Sleep-time Agents

Based on the new sleep-time compute research paper

Sleep-time agents are experimental and may be unstable. For more information, visit our Discord.

To learn more about sleep-time compute, check out our blog and research paper.

In Letta, you can create special sleep-time agents that share the memory of your primary agents, but run in the background and can modify the memory asynchronously. You can think of sleep-time agents as a special form of multi-agent architecture, where all agents in the system share one or more memory blocks. A single agent can have one or more associated sleep-time agents to process data such as the conversation history or data sources to manage the memory blocks of the primary agent.

To enable sleep-time agents for your agent, set enableSleeptime: true when creating your agent. This will automatically create:

  • A primary agent with tools for conversation_search and archival_memory_search. This is your “main” agent that you configure and interact with.
  • A sleep-time agent with tools to manage the memory blocks of the primary agent.

Background: Memory Blocks

Sleep-time agents specialize in generating learned context. Given some original context (e.g. the conversation history, a set of files) the sleep-time agent will reflect on the original context to iteratively derive a learned context. The learned context will reflect the most important pieces of information or insights from the original context.

In Letta, the learned context is saved in a memory block. A memory block represents a labeled section of the context window with an associated character limit. Memory blocks can be shared between multiple agents. A sleep-time agent will write the learned context to a memory block, which can also be shared with other agents that could benefit from those learnings.

Memory blocks can be access directly through the API to be updated, retrieved, or deleted.

1// get a block by label
2const block = await client.agents.blocks.retrieve(agentId, "persona");
3
4// get a block by ID
5const block = await client.blocks.retrieve(blockId);

When sleep-time is enabled for an agent, a sleep-time agent is created to manage the memory blocks of the primary agent. The sleep-time agent runs in the background and can modify the memory blocks asynchronously. The sleep-time agent generates learned context from the conversation history to update the memory blocks of the primary agent.

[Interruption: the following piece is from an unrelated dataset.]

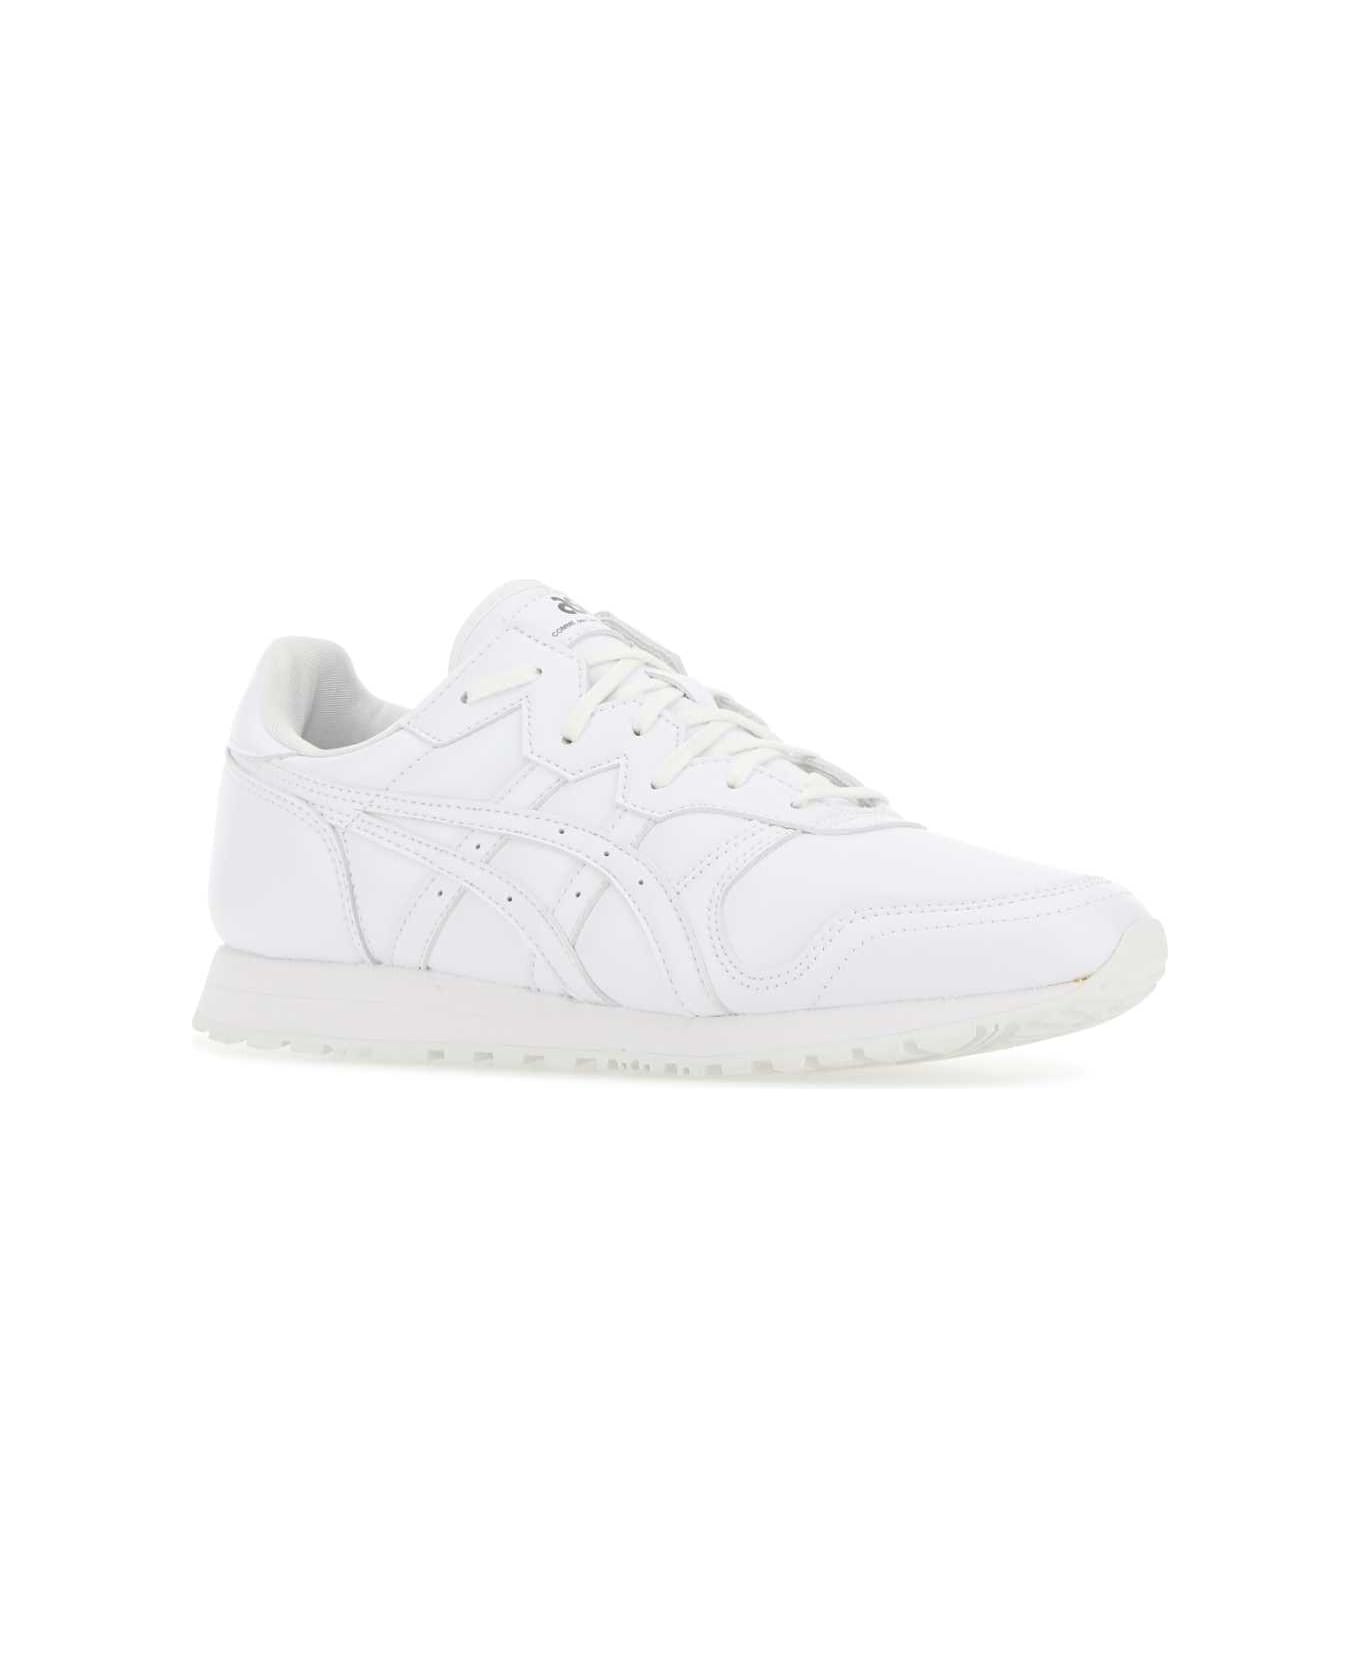 Comme des Garçons Shirt White Synthetic Leather Oc Runner Sneakers - WHITE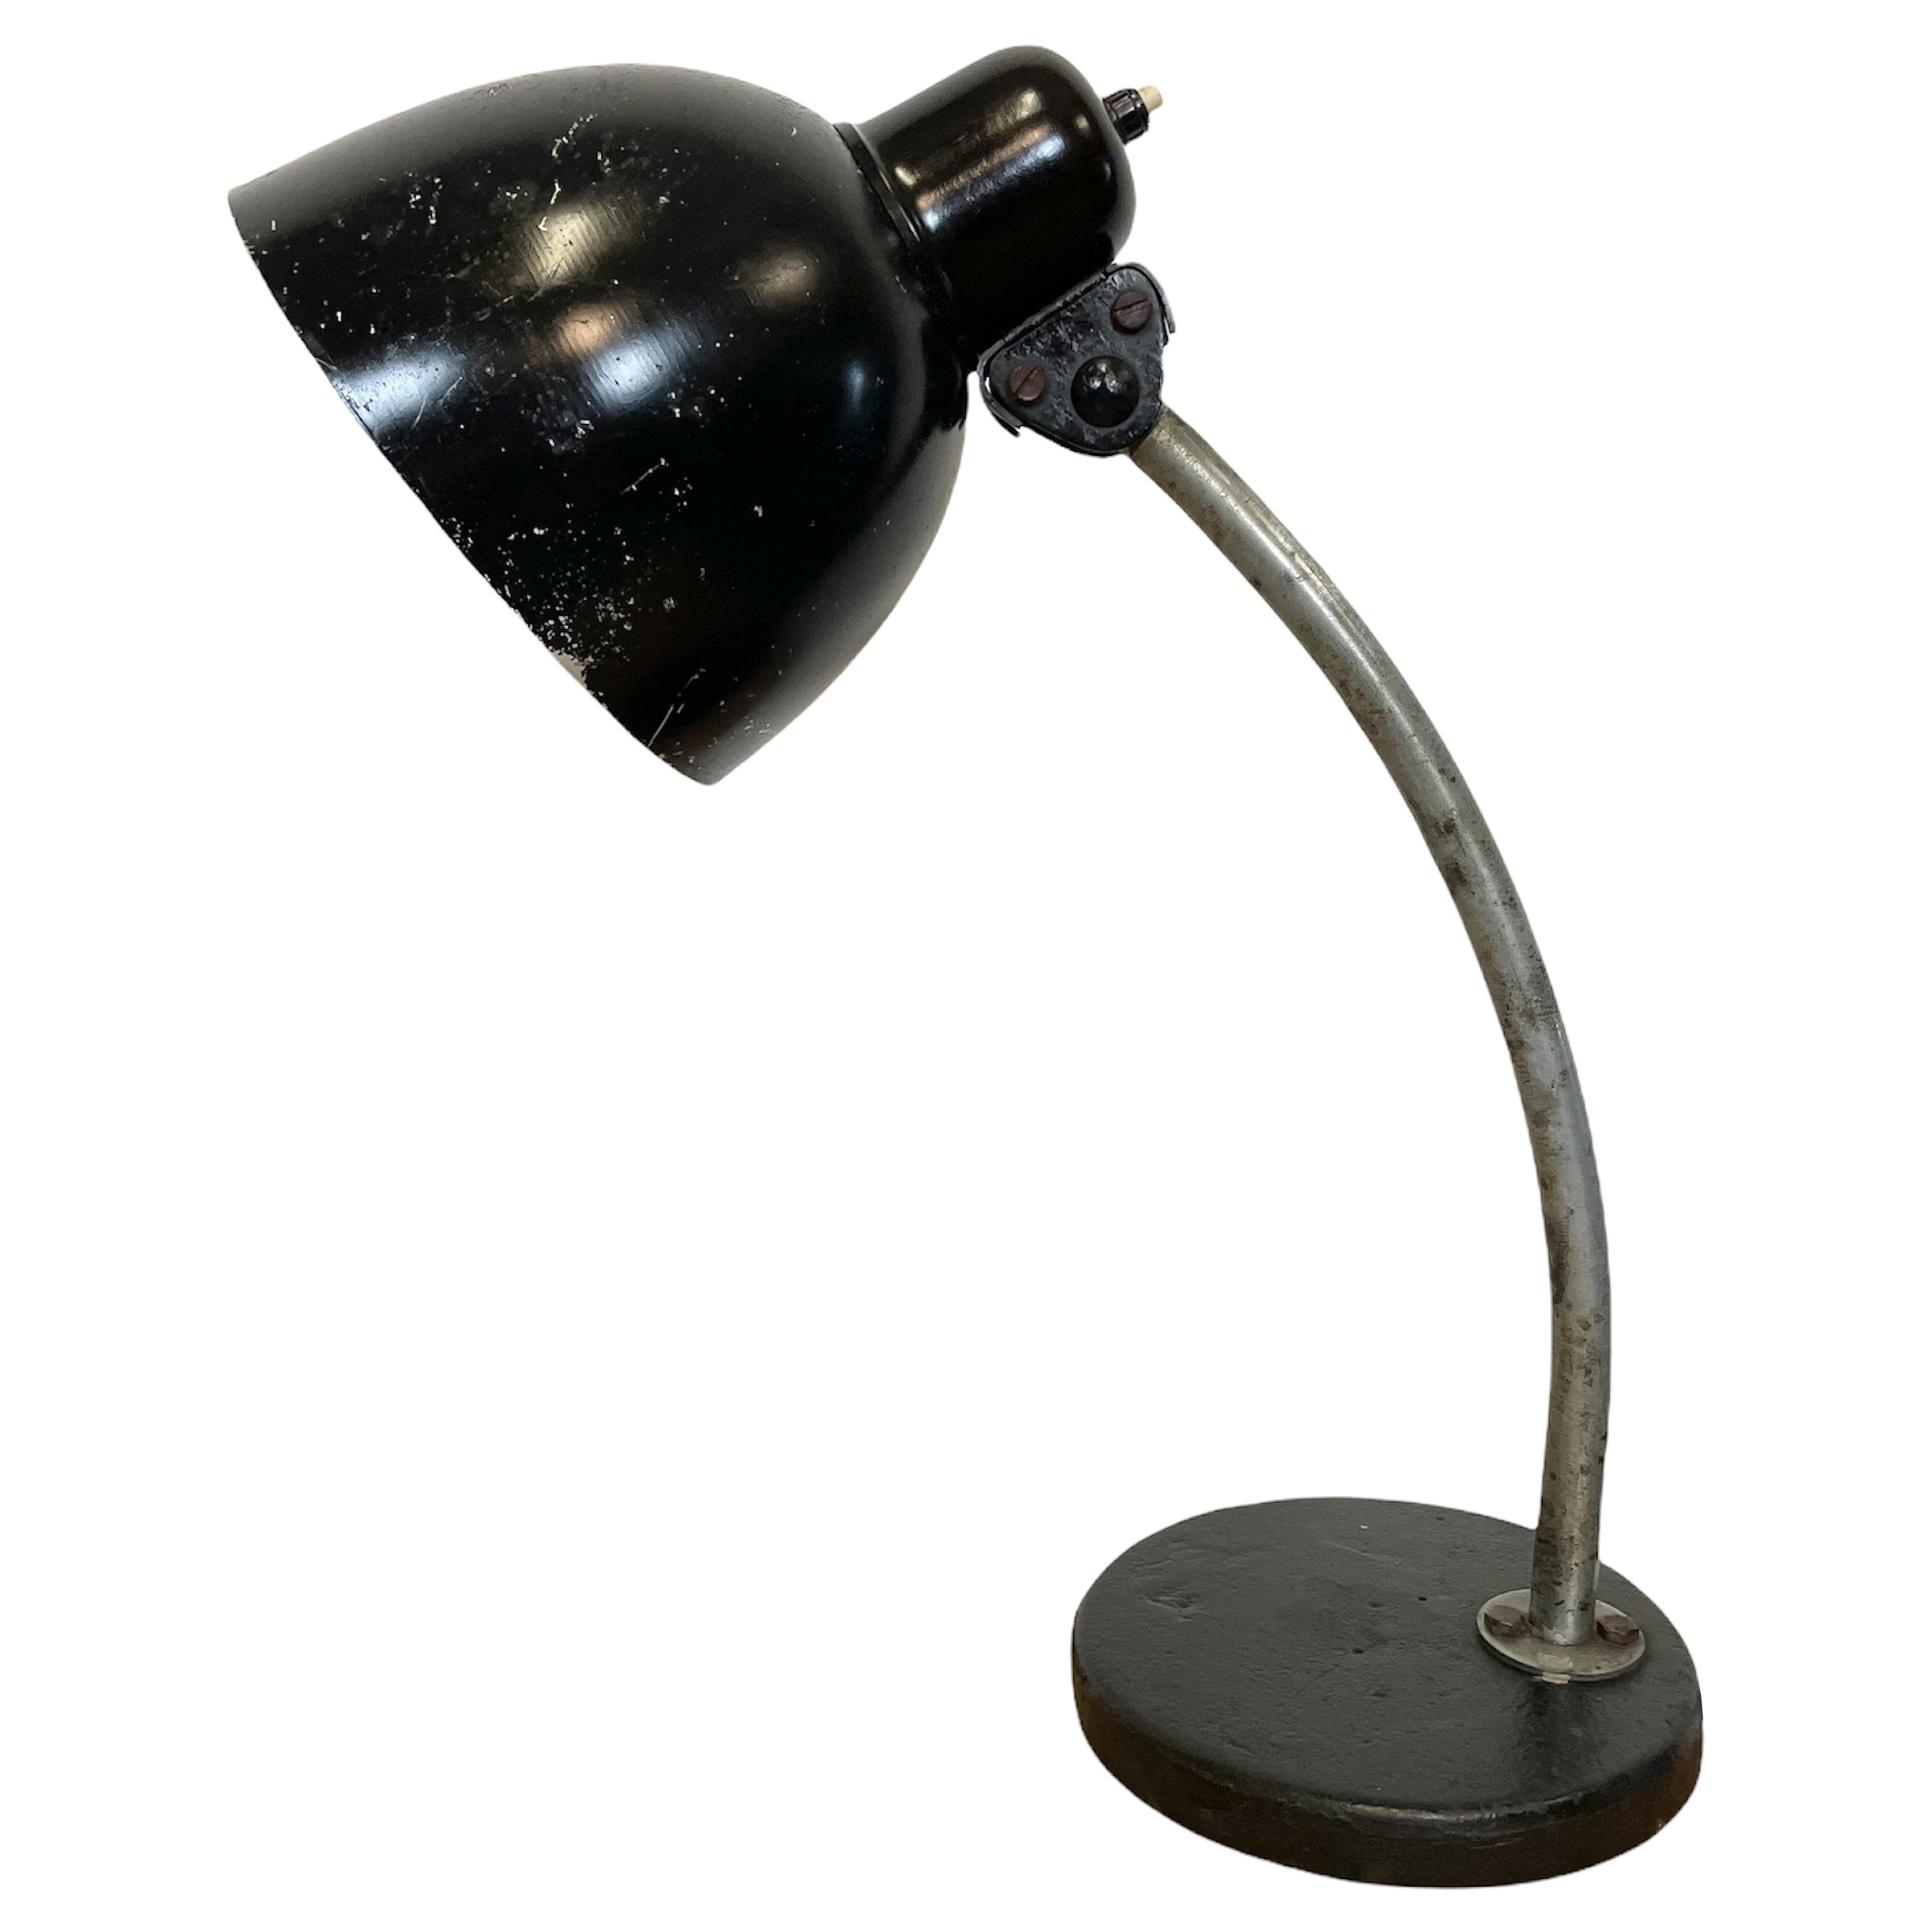 Black Industrial Table Lamp, 1950s

Sleep-time agent for conversation

When sleep-time is enabled, a primary agent and a sleep-time agent are created as part of a multi-agent group under the hood. The sleep-time agent is responsible for generating learned context from the conversation history to update the memory blocks of the primary agent. The group ensures that for every N steps taken by the primary agent, the sleep-time agent is invoked with data containing new messages in the primary agent’s message history.

Configuring the frequency of sleep-time updates

The sleep-time agent will be triggered every N-steps (default 5) to update the memory blocks of the primary agent. You can configure the frequency of updates by setting the sleeptime_agent_frequency parameter when creating the agent.

1import { LettaClient, SleeptimeManagerUpdate } from '@letta-ai/letta-client'
2
3const client = new LettaClient({ token: "LETTA_API_KEY" });
4
5// create a sleep-time-enabled agent
6const agent = await client.agents.create({
7 memoryBlocks: [
8 { value: "", label: "human" },
9 { value: "You are a helpful assistant.", label: "persona" }
10 ],
11 model: "anthropic/claude-3-7-sonnet-20250219",
12 embedding: "openai/text-embedding-3-small",
13 enableSleeptime: true
14});
15console.log(`Created agent id ${agent.id}`);
16
17// get the multi-agent group
18const groupId = agent.multiAgentGroup.id;
19const currentFrequency = agent.multiAgentGroup.sleeptimeAgentFrequency;
20console.log(`Group id: ${groupId}, frequency: ${currentFrequency}`);
21
22// update the frequency to every 2 steps
23const group = await client.groups.modify(groupId, {
24 managerConfig: {
25 sleeptimeAgentFrequency: 2
26 } as SleeptimeManagerUpdate
27});

We recommend keeping the frequency relatively high (e.g. 5 or 10) as triggering the sleep-time agent too often can be expensive (due to high token usage) and has diminishing returns.